On a cold, moonlit night in January 1944, Anne-Marie Walters, just twenty years old, parachuted into southwest France to work with the Resistance in preparation for the long-awaited Allied invasion.

The daughter of a British father and a French mother, she was to act as a courier for George Starr, head of the “Wheelwright” circuit of the Special Operations Executive. Over the next seven months, Walters crisscrossed the region, carrying messages, delivering explosives, arranging the escape of downed airmen, and receiving parachute drops of arms and personnel in the dead of night, living in constant fear of capture and torture by the Gestapo.

Then, on the very eve of liberation, she was sent off on foot over the Pyrenees to Spain, carrying urgent dispatches for London. It is a tale of high adventure, comradeship and kindness, of betrayals and appalling atrocities, and of the often unremarked courage of many ordinary French men and women who risked their lives to help drive German armies from French soil. And through it all shines her quiet courage, a keen sense of humor and, above all, her pure zest for life.



by Elisabeth Gille

A haunting and powerful book written by one of the daughters of Irène Némirovsky, author of Suite Française. Némirovsky and her husband died in Nazi concentration camps, but their daughters were hidden and escaped death.

In this story, Elisabeth Gille gives a fictionalized account of when, as five-year old Lea Levy, she was hidden away by the nuns of a Bordeaux convent when the Nazis deported her parents.

But there is no happy ending for her after the fall of Nazi Germany, which is what makes this book so powerful, to see the pain and suffering for the Jews that came after liberation.

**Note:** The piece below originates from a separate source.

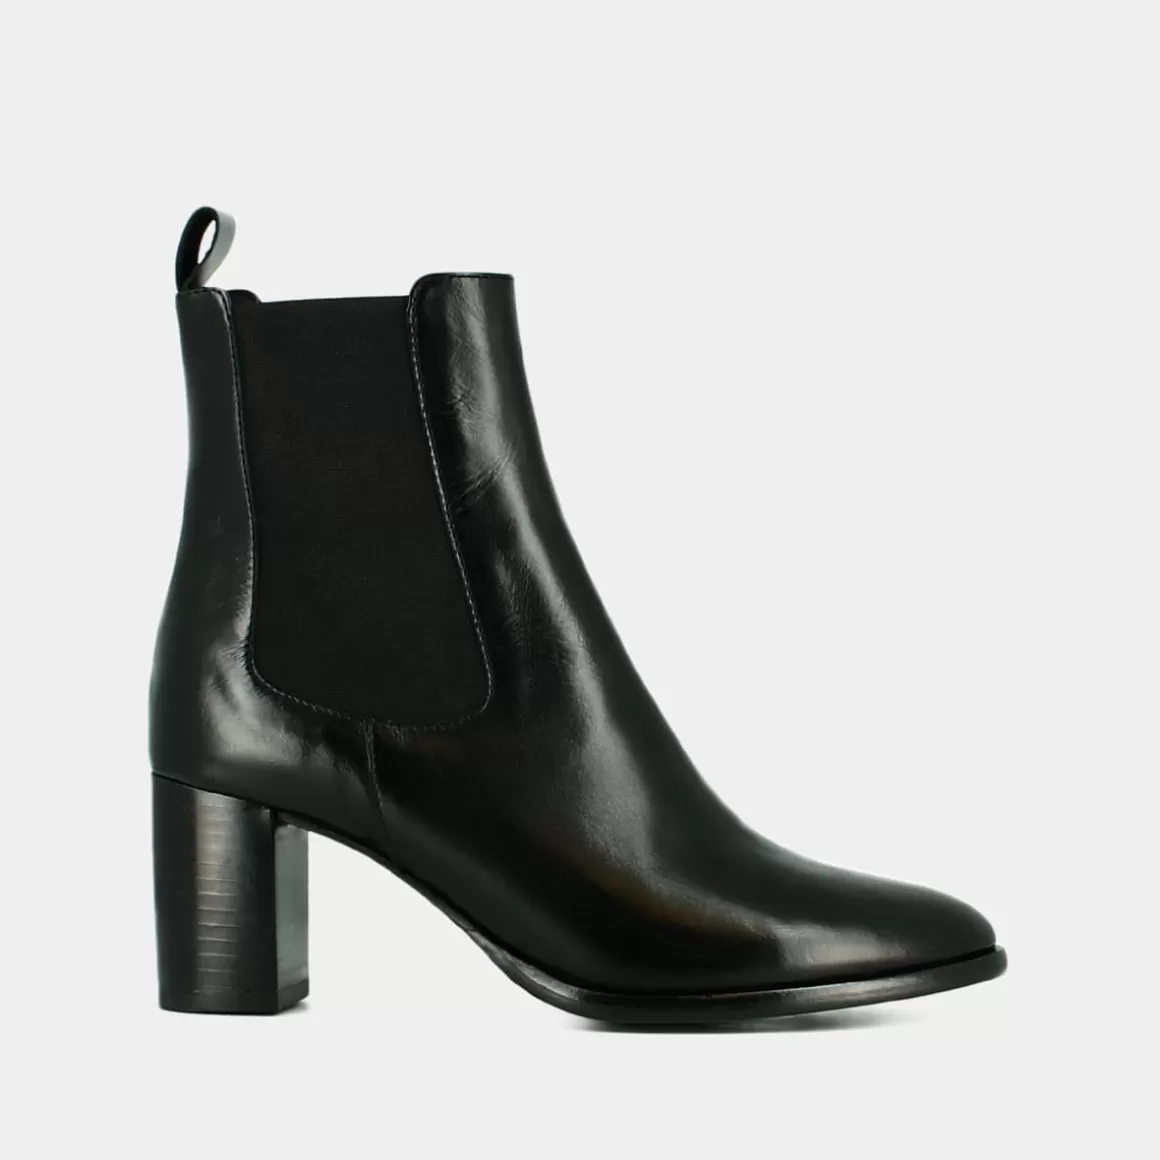 Boots with heels and elastics<Jonak New

by Sebastian Faulks (French Trilogy #3)

Charlotte Gray is the story of a young Scottish woman who becomes caught up in the effort to liberate Occupied France from the Nazis while pursuing a perilous mission of her own.

In blacked-out, wartime London, Charlotte Gray develops a dangerous passion for a battle-weary RAF pilot, and when he fails to return from a daring flight into France she is determined to find him.

In the service of the Resistance, she travels to the village of Lavaurette, dyeing her hair and changing her name to conceal her identity. Here she will come face-to-face with the harrowing truth of what took place during Europe’s darkest years, and will confront a terrifying secret that threatens to cast its shadow over the remainder of her days.